I always said to myself that we would meet around my child, around lots of things, that we would have this great discussion that you want to have one day with your parents, adult, you ask them all the questions that you’ve wanted to ask them all your life. But life meant that we were never able to have that moment. It was something that was extremely painful to live with. It’s crazy all the same that in the middle of this life, of all the lives in the world, I was the daughter of this person.

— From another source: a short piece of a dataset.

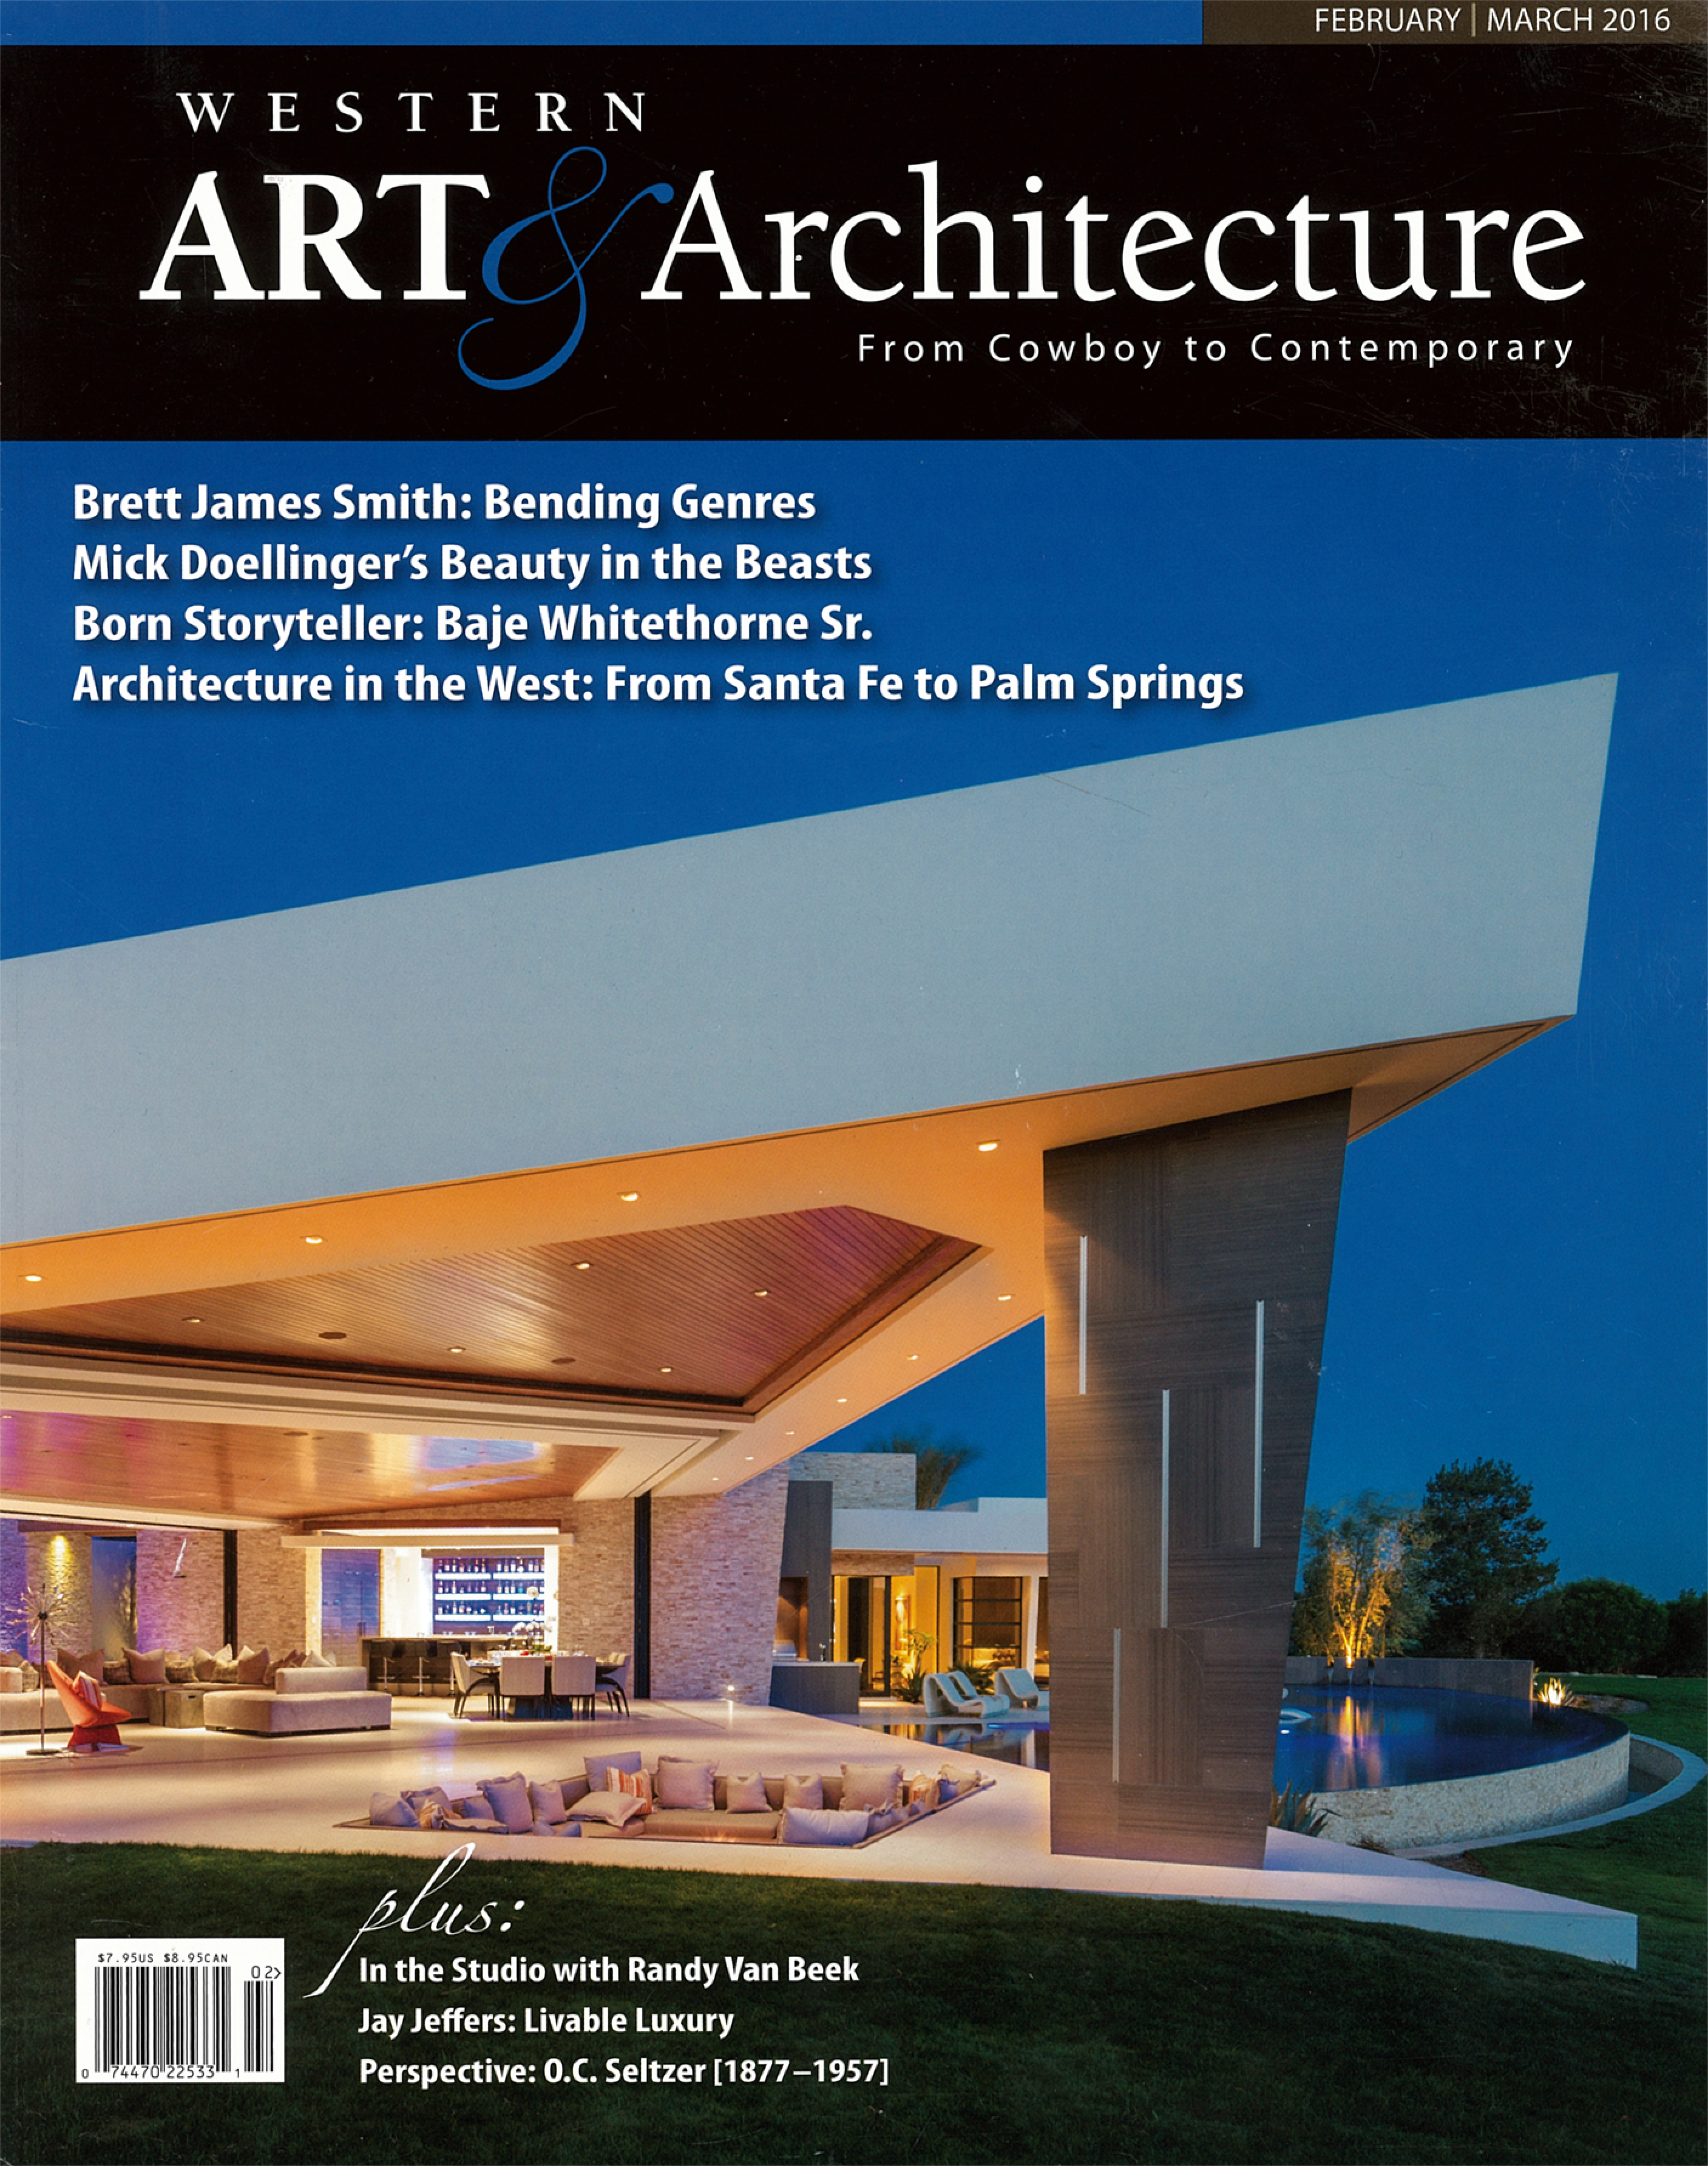 Art + Architecture Serquis Landscape Architects

What does this album represent for you?

A statement. I think I’ve never been so sincere. I didn’t hide behind, no fake poetry like there could be in Citadel, style effects to protect me. There, I went there in an ultra frontal way, whether musically, in my texts, in my voice, because I also think that the period we went through really put me in a state of mind to tell me: we don’t really have time to hide anymore, we don’t have time to go through a thousand paths. I’m going to make the album that I want to make without stopping myself from anything. It’s a really free album.

This album is also a bit like the definition of what you have become over time. You really started on the scene very early. The first voices at seven years old, the first part of Iggy Pop. Extraordinary things have always happened in your life. How did you manage to keep your feet on the ground? Keep your identity?

I have always been, even if full of doubts that goes without saying, very anchored in what I wanted to do.

“In my journey, there is nothing calculated. There is just music, the love of music.”

The logical consequence is that this album will live on stage, is this the Holy Grail for you?

It is downright the Grail. And inevitably, the pieces on stage, when you address them to an audience, they suddenly take on a scale, but fantastic! And for me, that’s the stage, it’s really magical. I’m really looking forward.

What place does the public occupy in your life? He has always carried you.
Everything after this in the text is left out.